### WHAT YOU SHOULD DO:
Copy out exactly, from the entries that follow, the line holding "Casa de dos", the line holding "Easy Fried Mashed Potato Balls", and all lines between them, but no pictures.

### MATERIAL FOR THIS TASK:
== == ==

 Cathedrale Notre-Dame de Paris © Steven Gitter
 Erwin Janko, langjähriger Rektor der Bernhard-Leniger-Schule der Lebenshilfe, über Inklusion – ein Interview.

== == ==

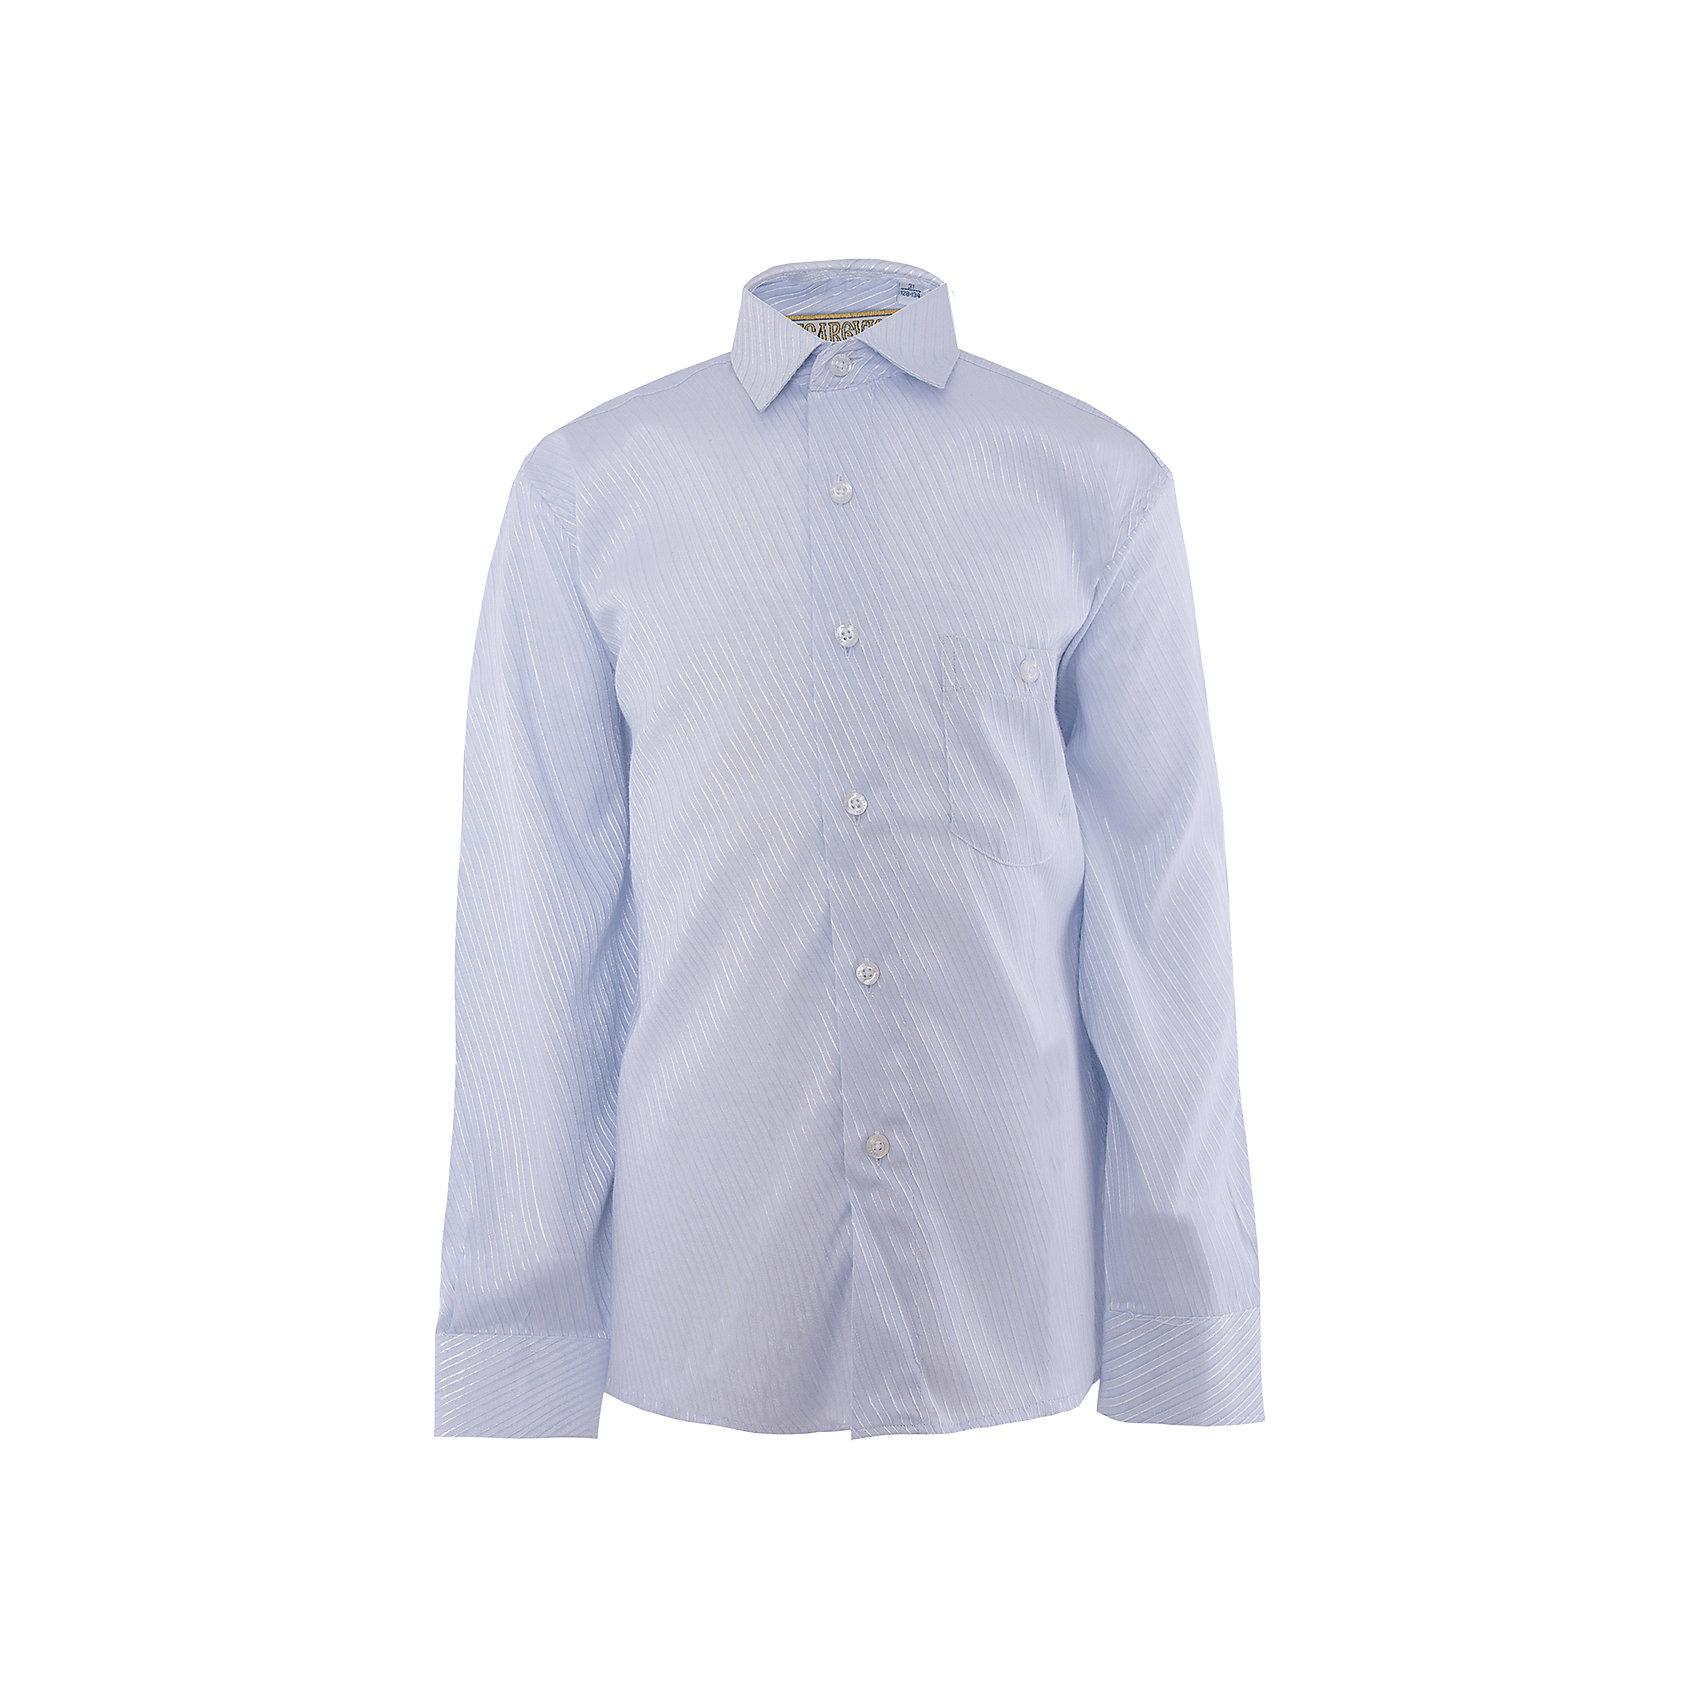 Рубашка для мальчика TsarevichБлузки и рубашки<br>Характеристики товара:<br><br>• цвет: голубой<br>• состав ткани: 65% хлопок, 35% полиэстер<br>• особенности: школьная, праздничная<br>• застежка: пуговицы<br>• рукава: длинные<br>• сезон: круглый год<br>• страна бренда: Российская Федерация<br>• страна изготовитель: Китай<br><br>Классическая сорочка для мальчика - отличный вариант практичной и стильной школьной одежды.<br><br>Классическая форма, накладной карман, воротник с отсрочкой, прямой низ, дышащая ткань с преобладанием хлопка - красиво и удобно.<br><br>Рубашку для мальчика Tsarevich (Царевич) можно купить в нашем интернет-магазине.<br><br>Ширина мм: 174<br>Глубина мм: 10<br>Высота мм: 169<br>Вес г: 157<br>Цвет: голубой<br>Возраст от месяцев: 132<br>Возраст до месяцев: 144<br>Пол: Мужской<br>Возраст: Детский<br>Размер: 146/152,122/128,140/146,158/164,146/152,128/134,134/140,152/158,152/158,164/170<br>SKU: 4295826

== == ==

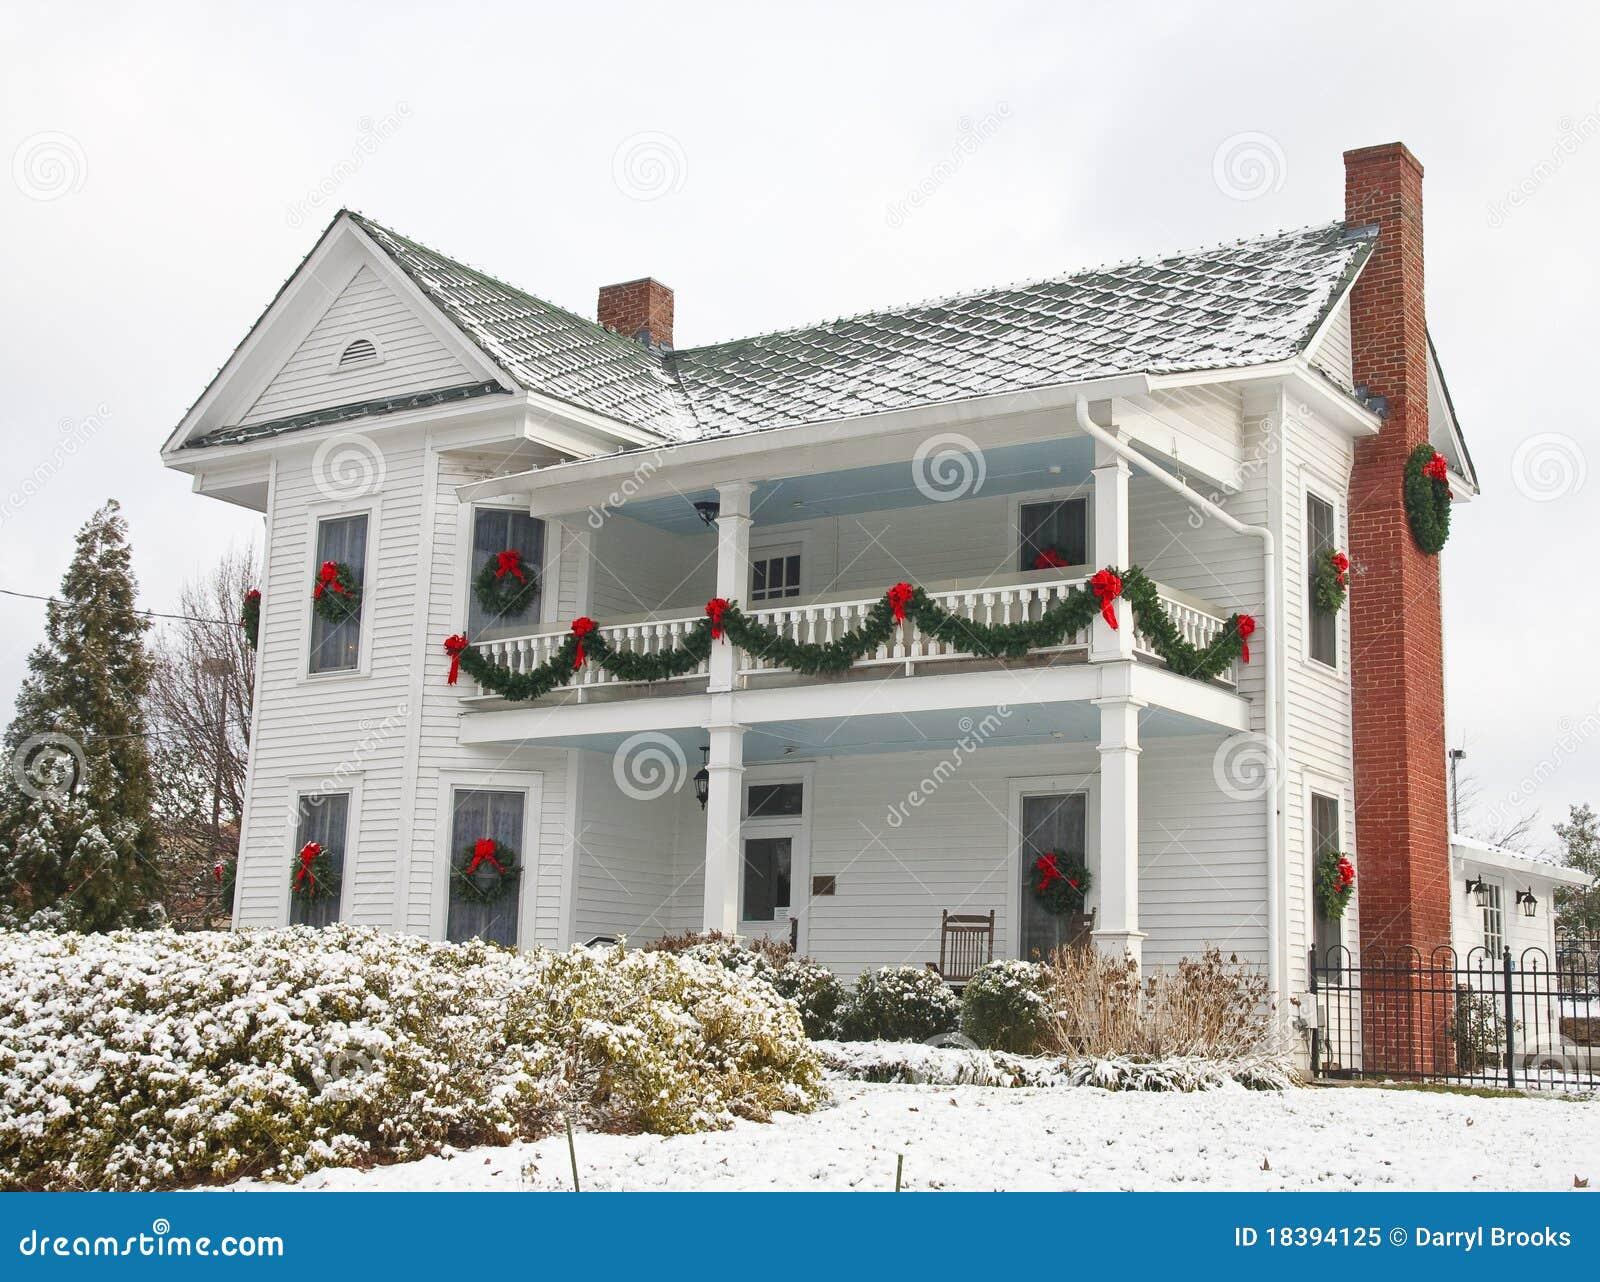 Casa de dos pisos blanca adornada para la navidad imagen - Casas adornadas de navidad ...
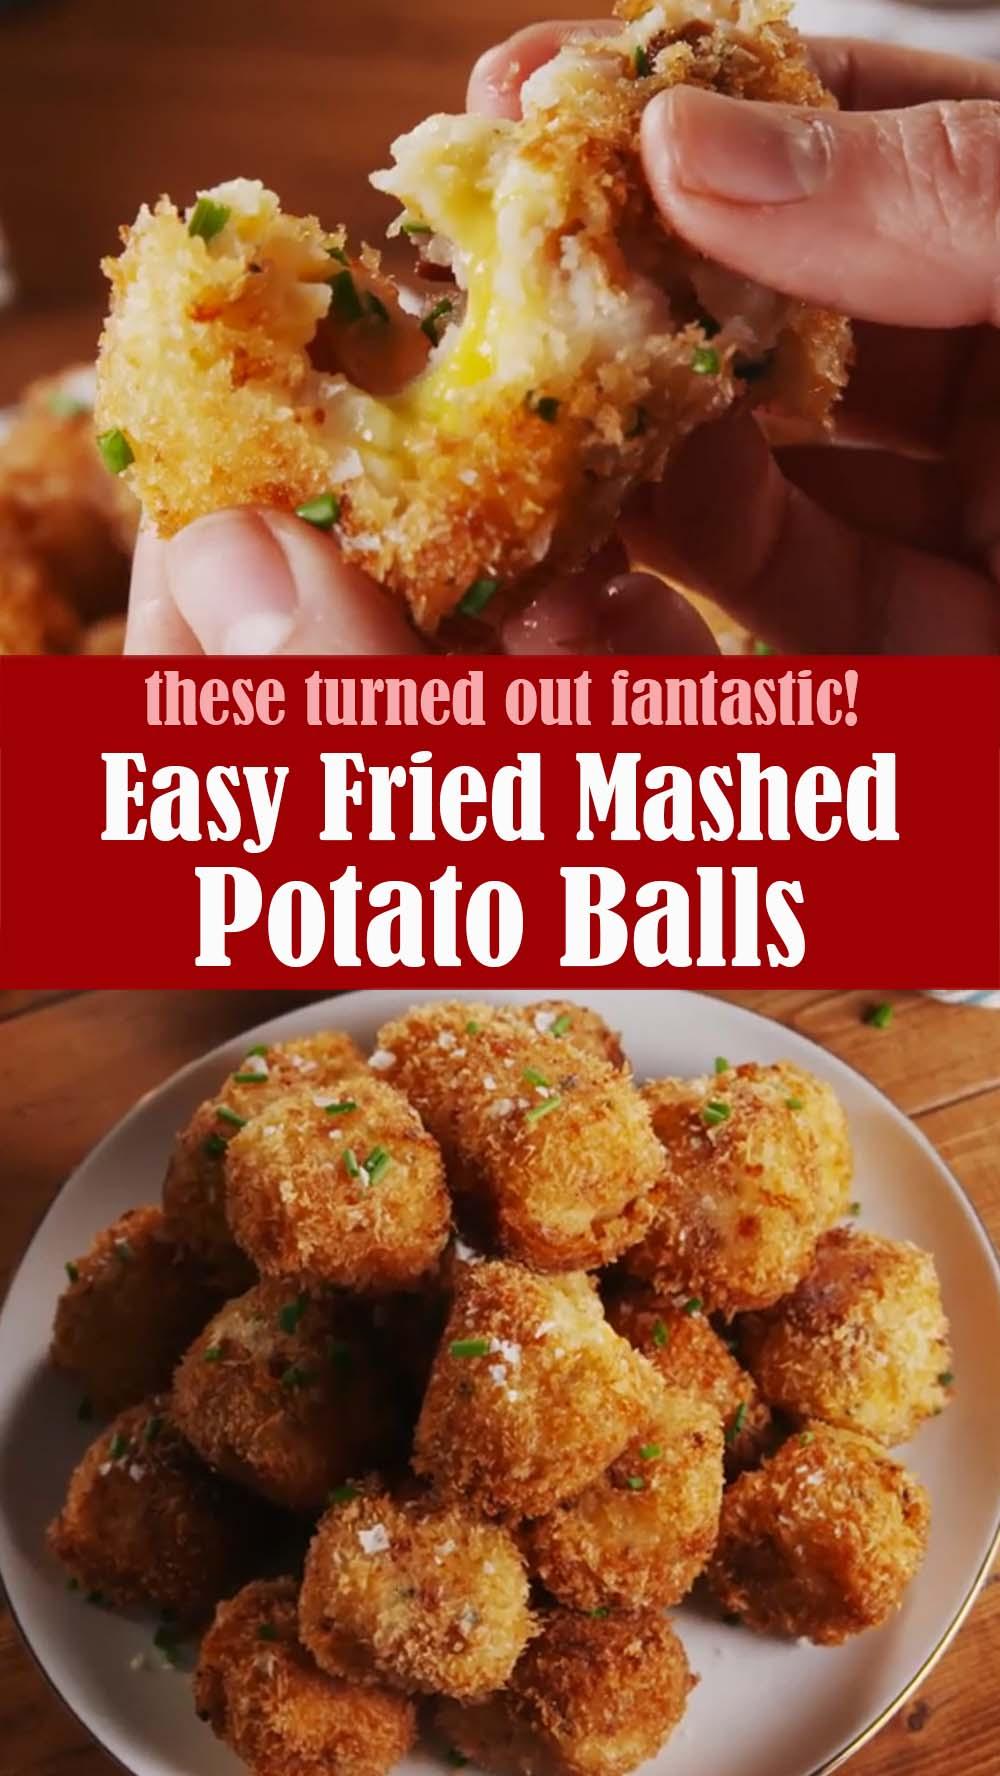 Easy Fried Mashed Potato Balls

== == ==

### ANSWER TO THE EXERCISE:
 Casa de dos pisos blanca adornada para la navidad imagen - Casas adornadas de navidad ...
 Easy Fried Mashed Potato Balls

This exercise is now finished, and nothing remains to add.